Index

Dynamic Programming

Principle of Optimality and Recurrences

If a solution is optimal, any portion of it should be optimal
with respect to all the other possible choices of that particular portion. So, if a solution is not optimal, it shouldn't be further exploited.

Memoization Tables

Memoization tables are a way to store the information of a Dynamic Programming problem. They are used to speed up computing by saving the result of a certain operation, thus preventing running the same operation on the same input values more than once.

Shortest Path Using Dynamic Programming

$c o s t (i, j)$ is the cost of an optimal path from node $j$ at stage $i$ to sink
$c (j, k)$ is the cost associated with the $(j, k)$ edge

c o s t (i, j) = m i n {c (j, k) + c o s t (i + 1, k)}

Why it works? It makes sure that a partial solution is optimal.
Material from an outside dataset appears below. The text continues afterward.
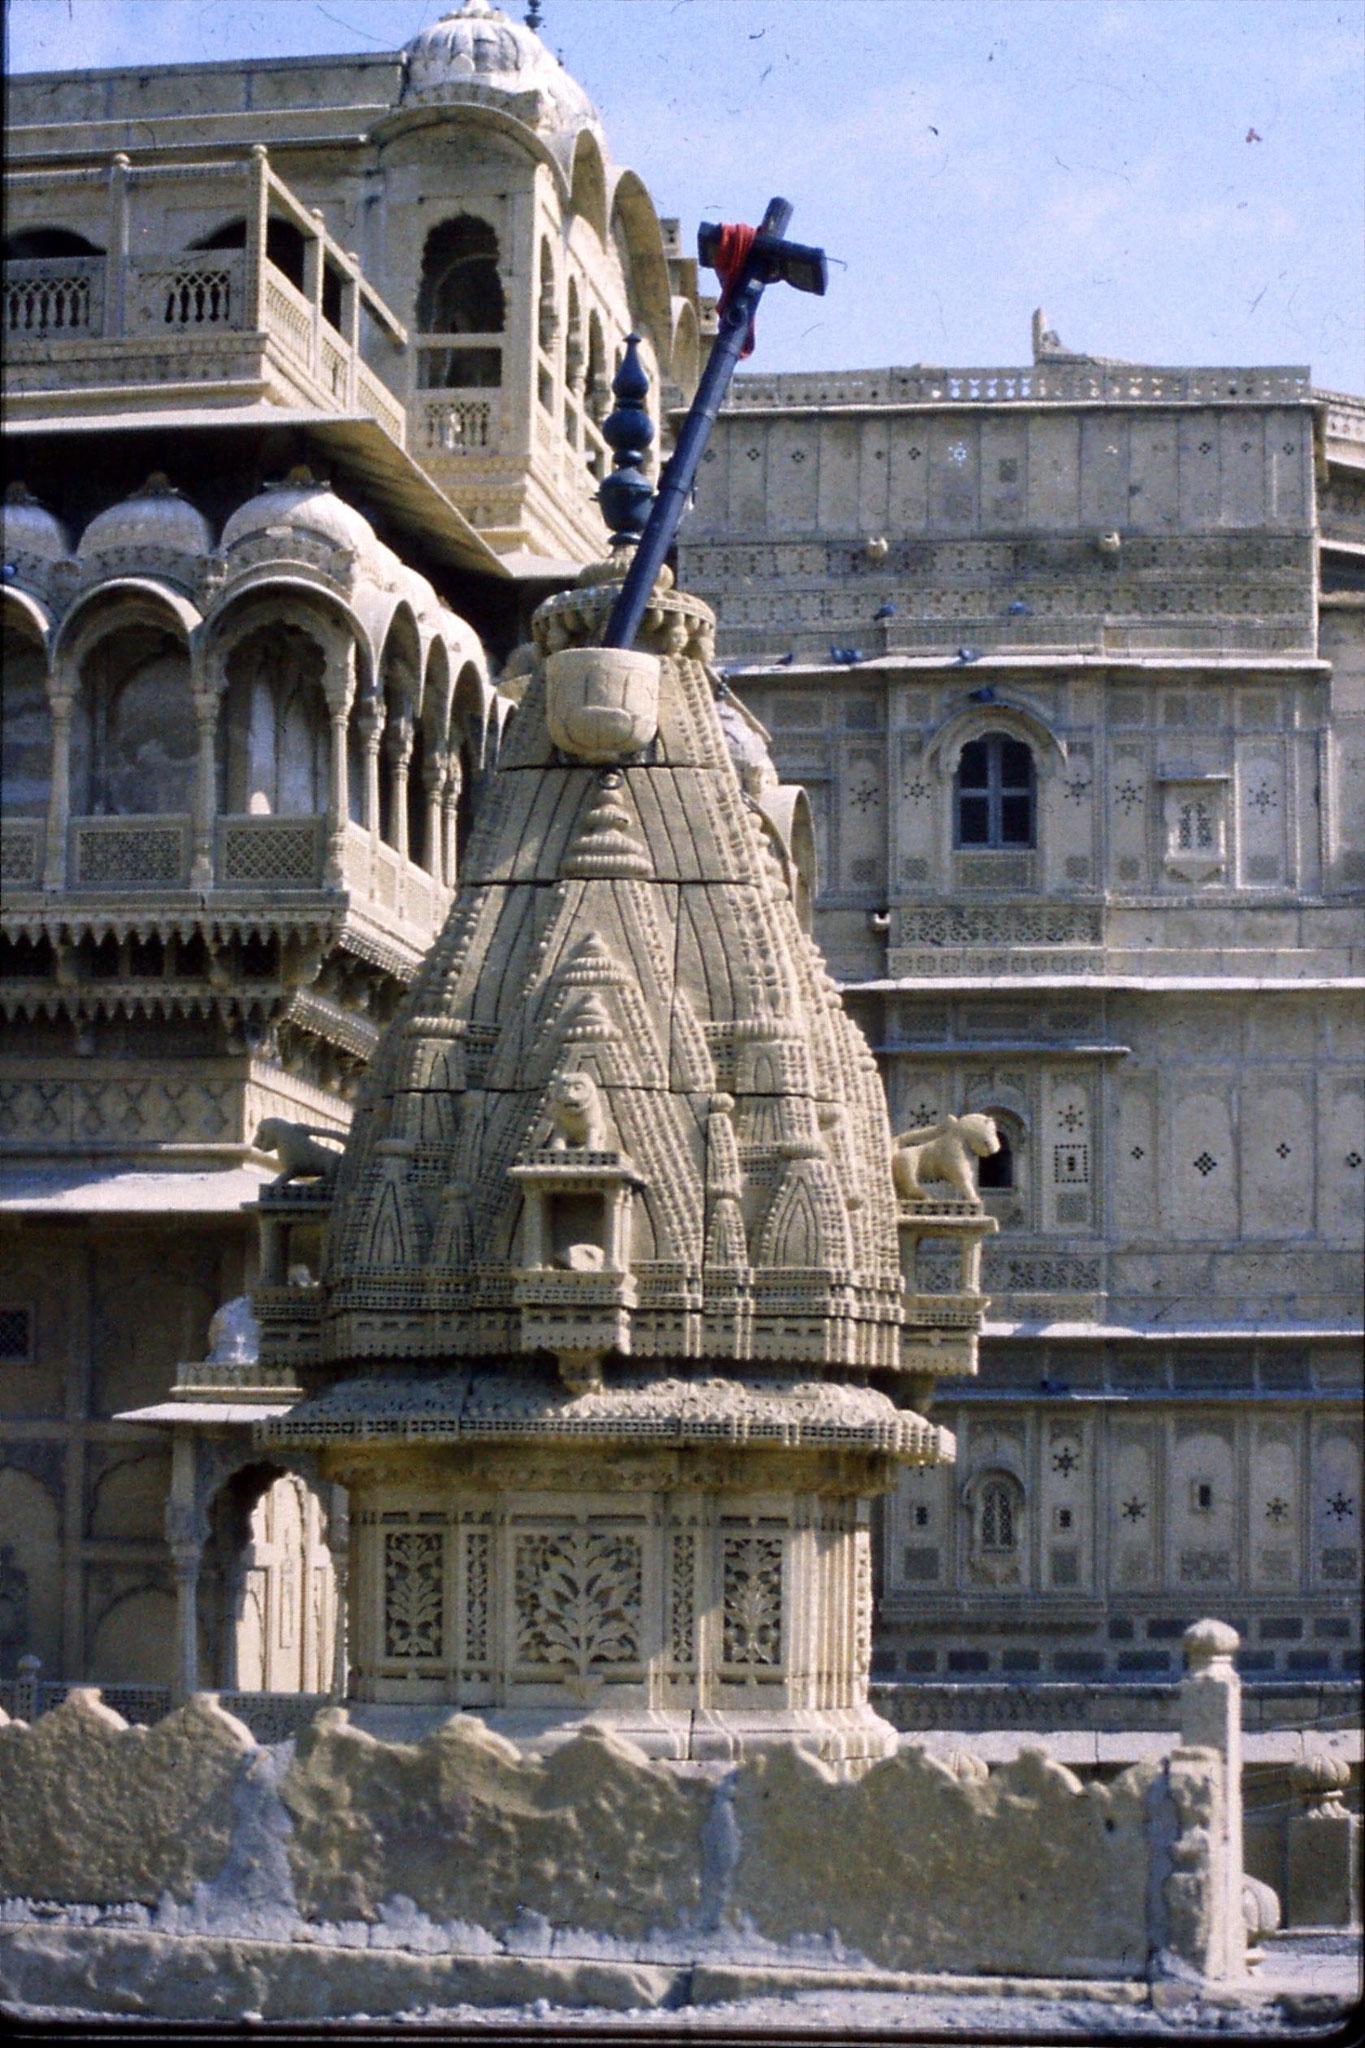 2/12/1989: 32: Jaisalmer Jain Temple & havelli
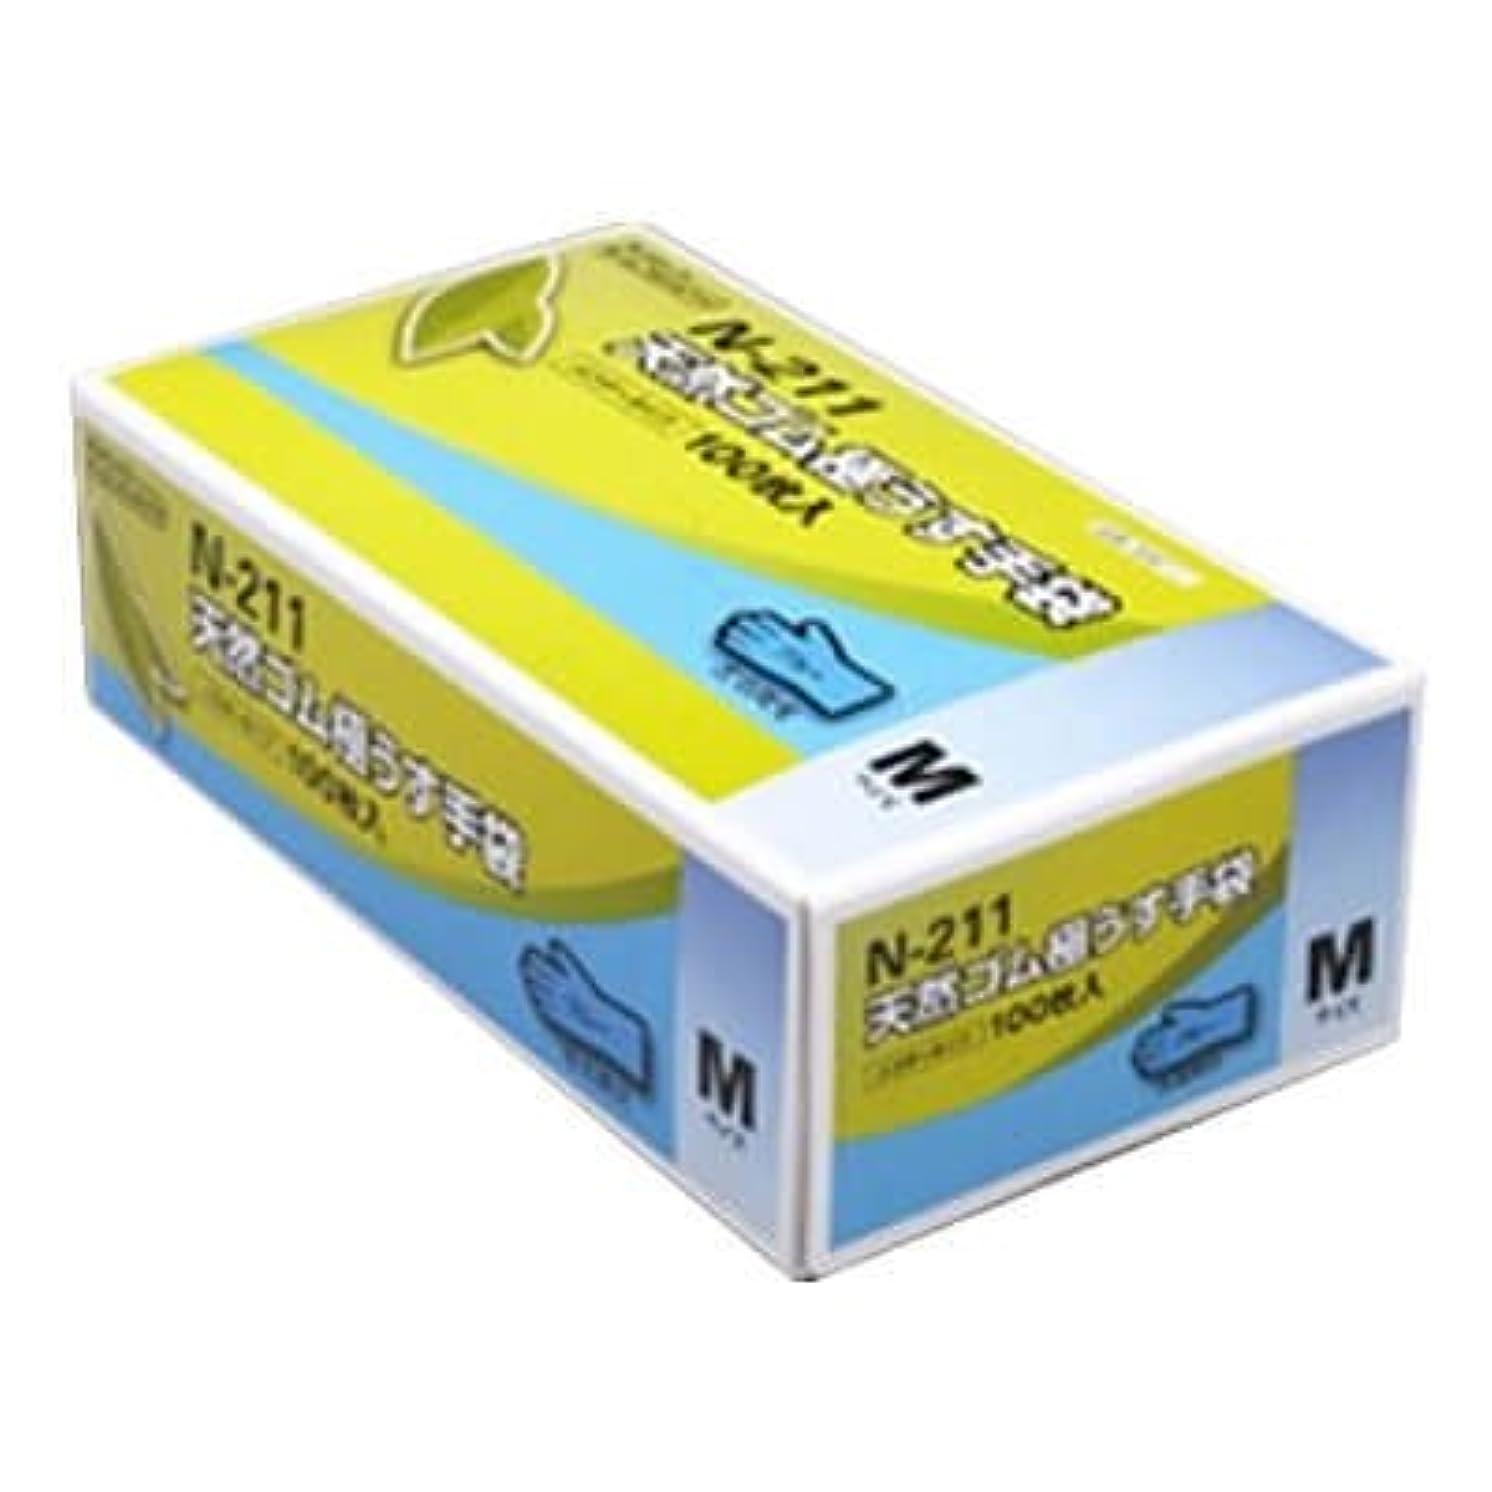 倉庫抑圧熱意【ケース販売】 ダンロップ 天然ゴム極うす手袋 N-211 M ブルー (100枚入×20箱)

Using that principle, we can reuse partial optimal solutions to build a global solution.

0/1 Knapsack

$v a l [i, j]$ is the maximum value that is possible to transport with a weight limit of $j$ $(j \leq w)$ , allowing only objects numbered from $1$ to $n$ .
The optimal solution is defined by $v a l [n, W]$

v a l [i, j] = m a x (v a l [i - 1, j], v a l [i - 1, j - w_{i}] + v_{i})

v a l [i, 0] = 0

v a l [0, j] = 0, j \geq 0

v a l [i, j] = - \infty, i < 0

Here, $v a l [i - 1, j]$ means not including object $i$ , and $v a l [i - 1, j - w_{i}] + v_{i}$ means including object $i$ .
This gives a complexity of $O (n W)$ .

Longest Common Sub-Sequence (LCS)

Given 2 sequences $X$ and $Y$ , $Z$ is a common sub-sequence if $Z$ is a sub-sequence of $X$ and $Y$ .
Example:

$X$ = abefcghd
$Y$ = eagbcfdh
$Z$ = abcd
A brute force solution is impractical ( $2^{(n + m)}$ )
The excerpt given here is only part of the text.